● Action item: What you write must be the listing below in full, word for word, minus its pictures.

● Information shown:
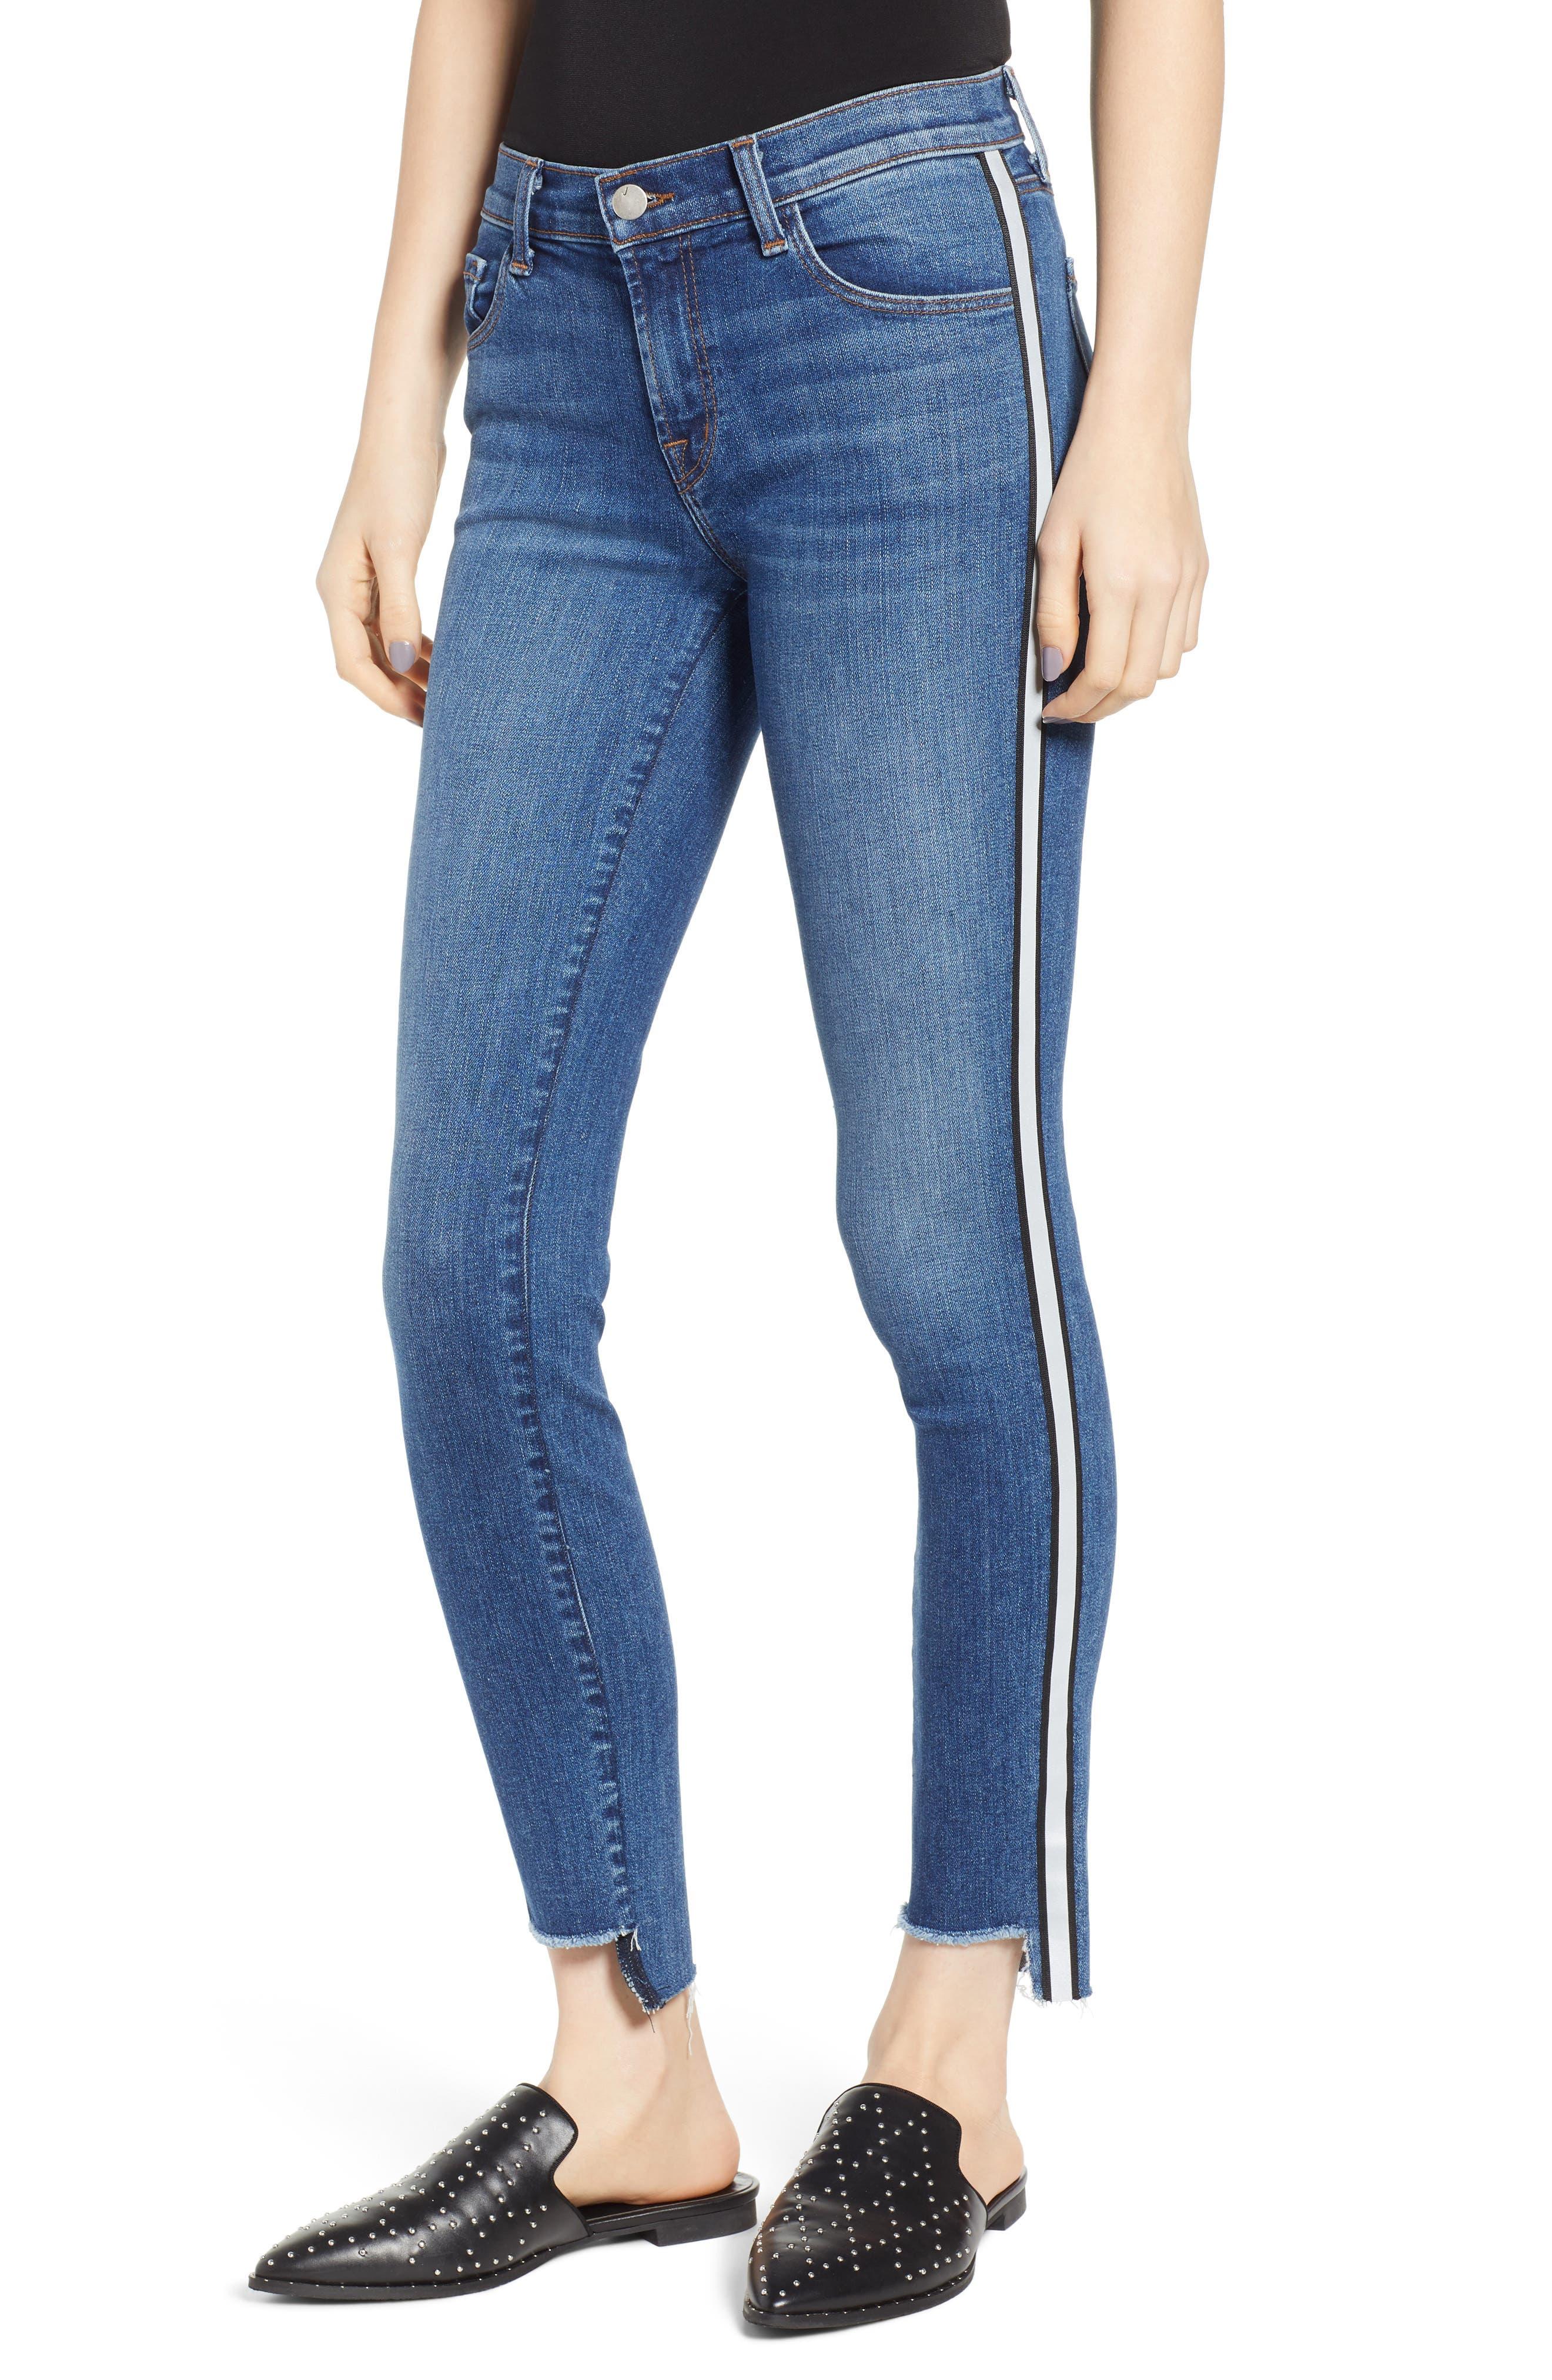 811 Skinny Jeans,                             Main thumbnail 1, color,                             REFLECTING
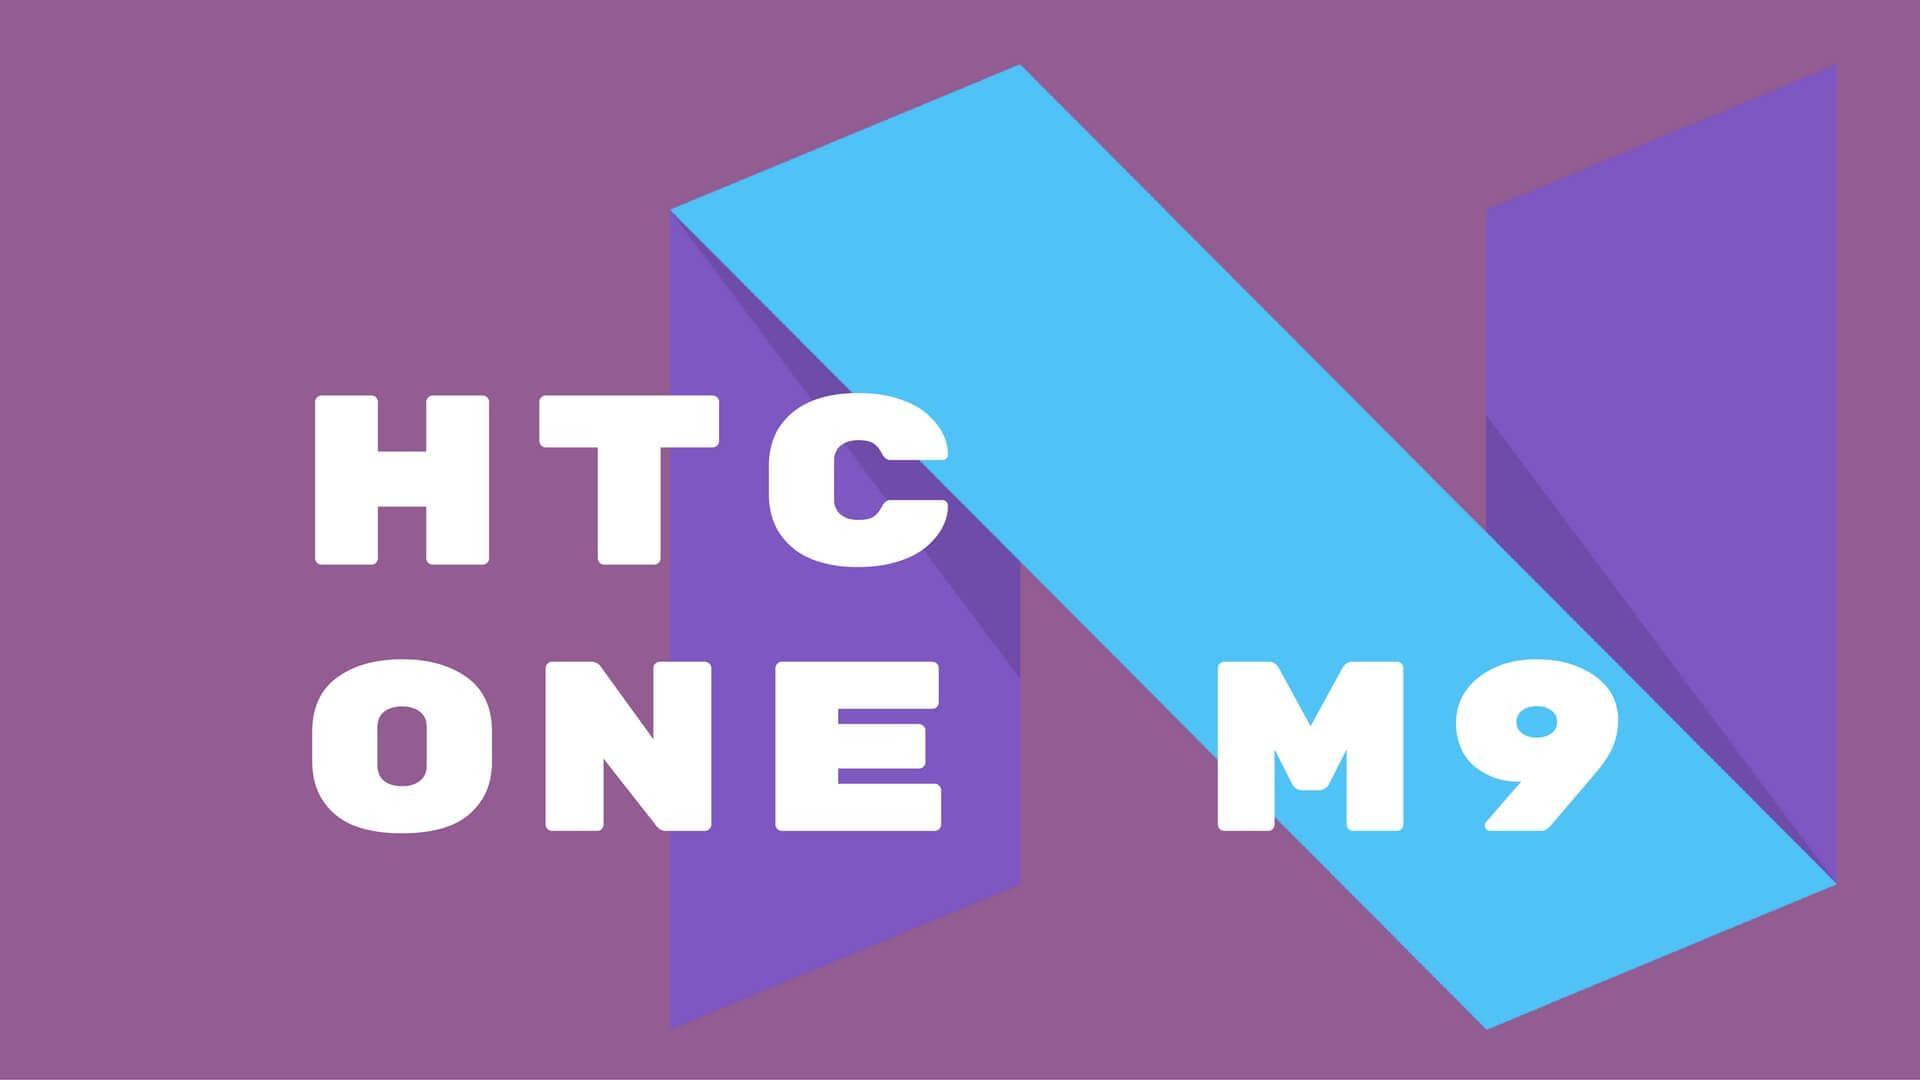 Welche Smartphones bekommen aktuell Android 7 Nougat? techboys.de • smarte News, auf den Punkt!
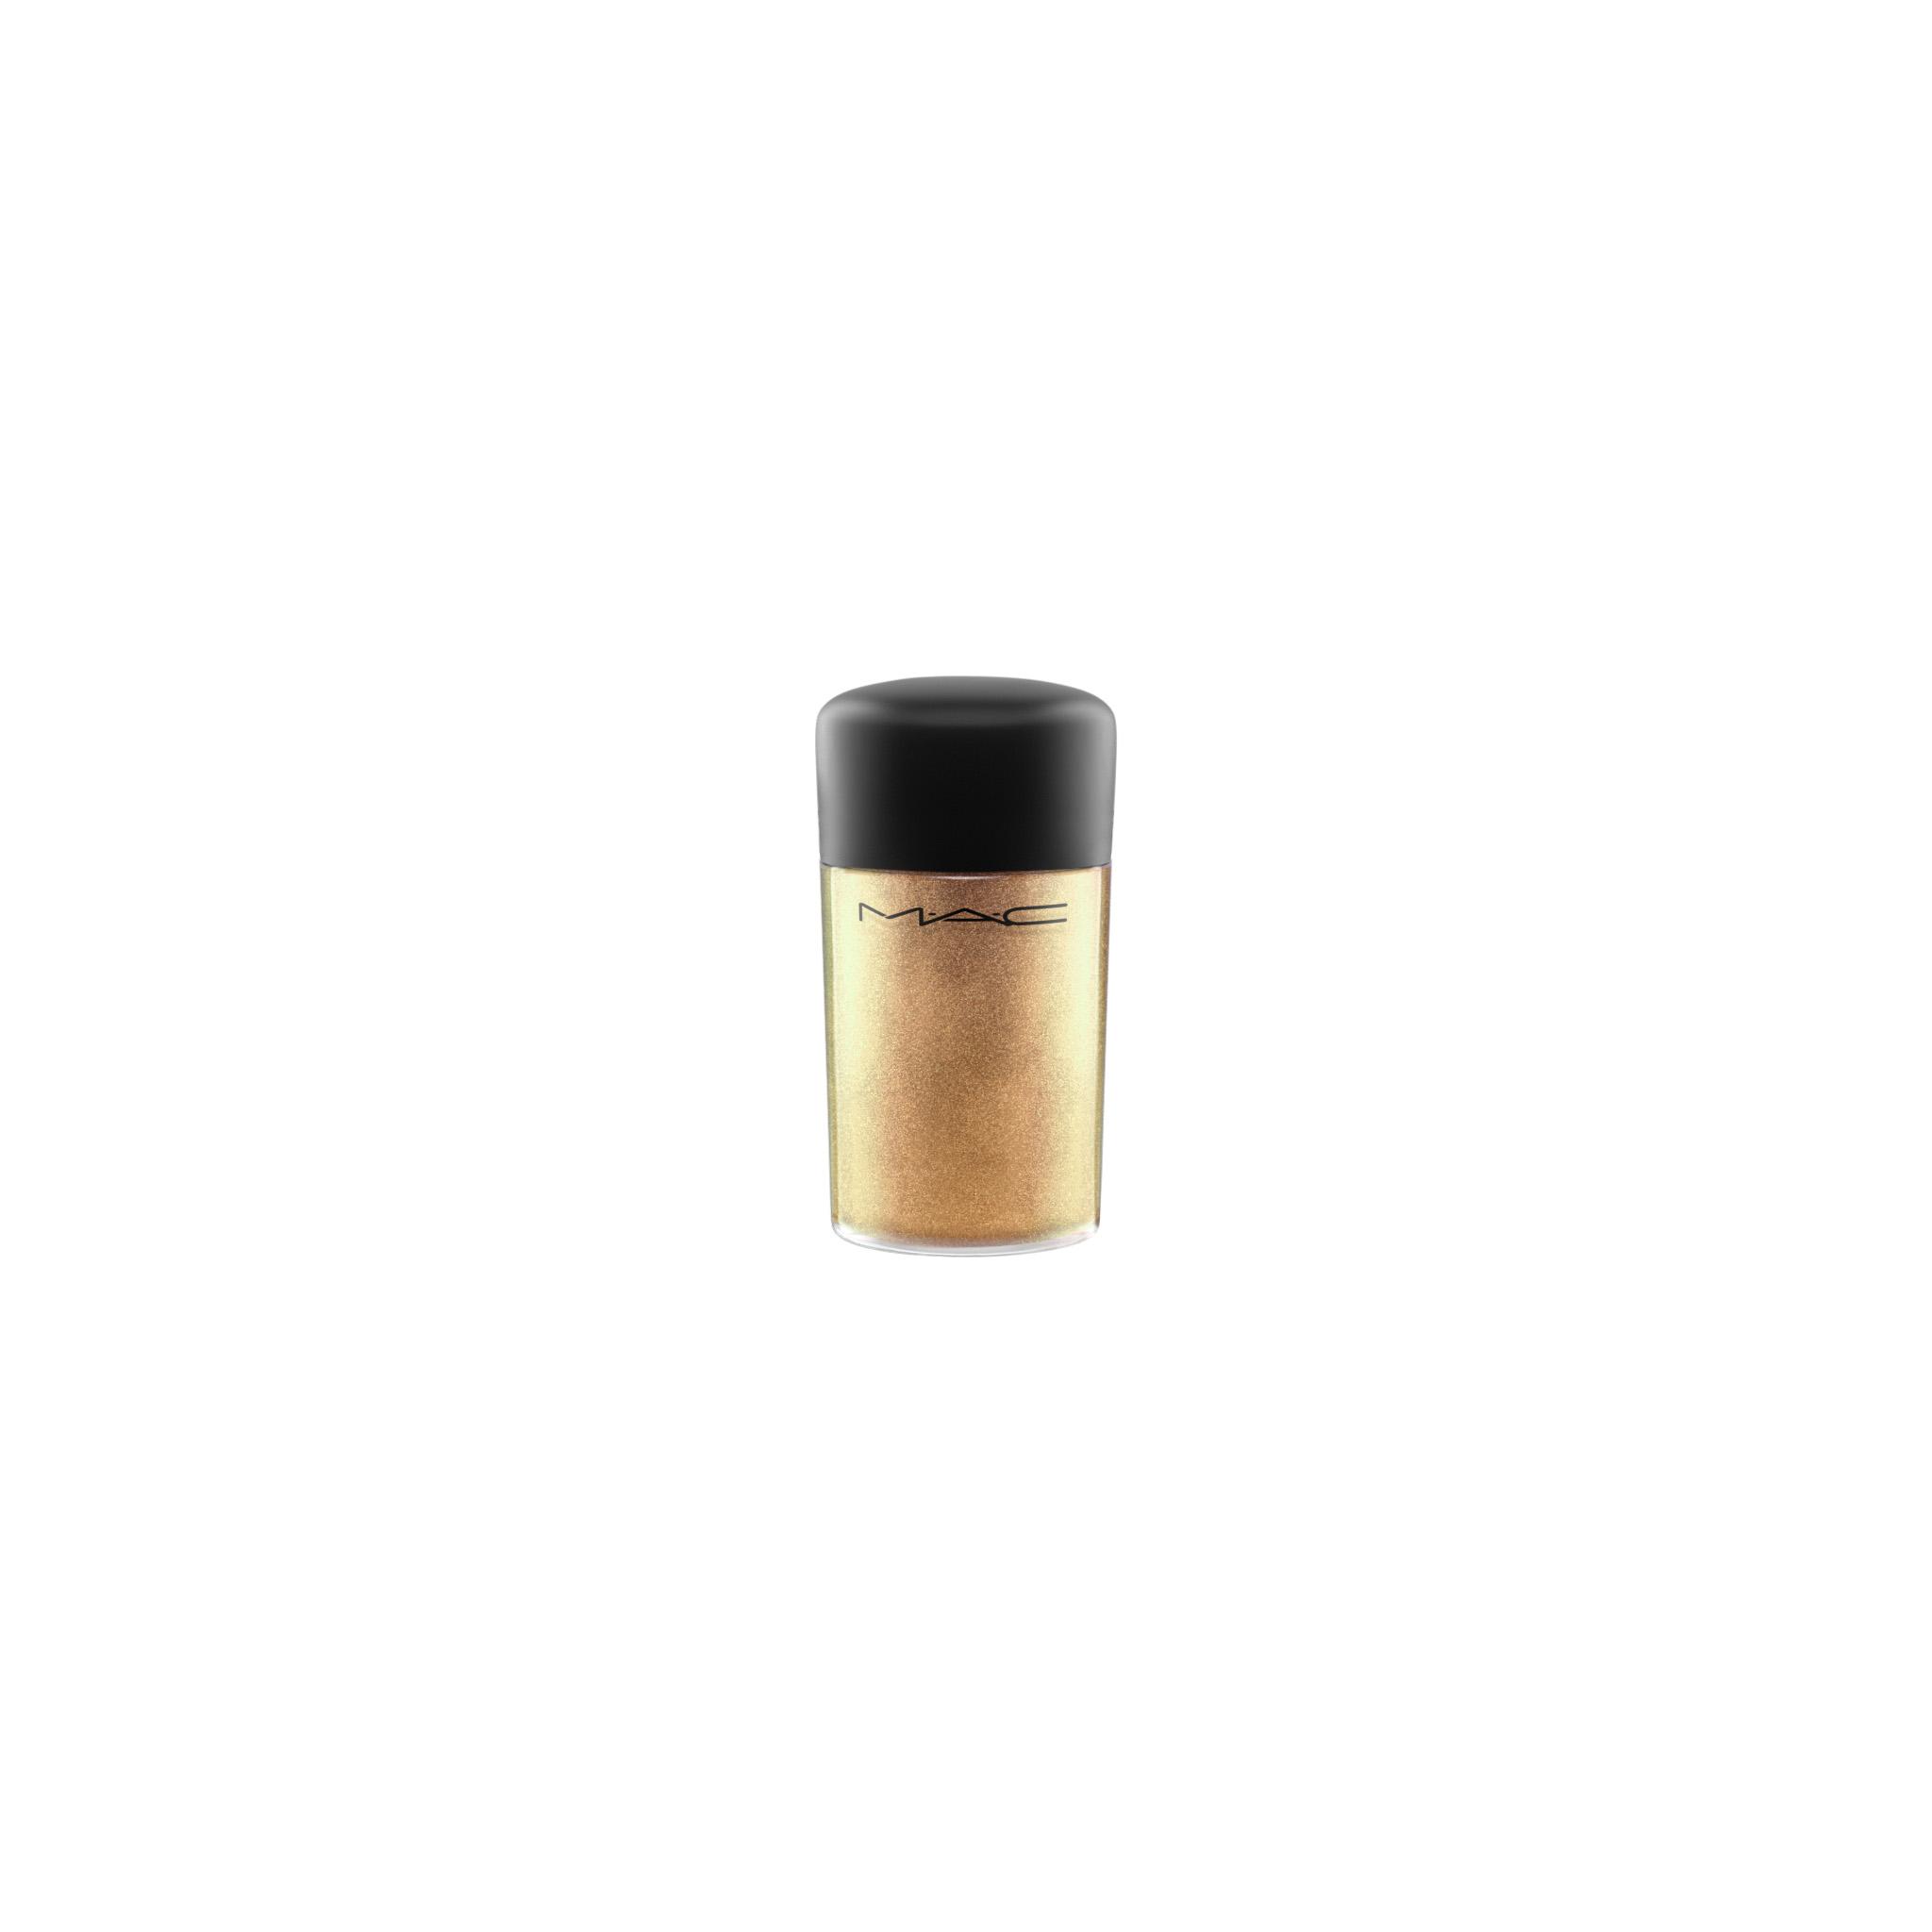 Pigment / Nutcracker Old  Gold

● Response area:
 811 Skinny Jeans,                             Main thumbnail 1, color,                             REFLECTING
 Welche Smartphones bekommen aktuell Android 7 Nougat? techboys.de • smarte News, auf den Punkt!
 Pigment / Nutcracker Old  Gold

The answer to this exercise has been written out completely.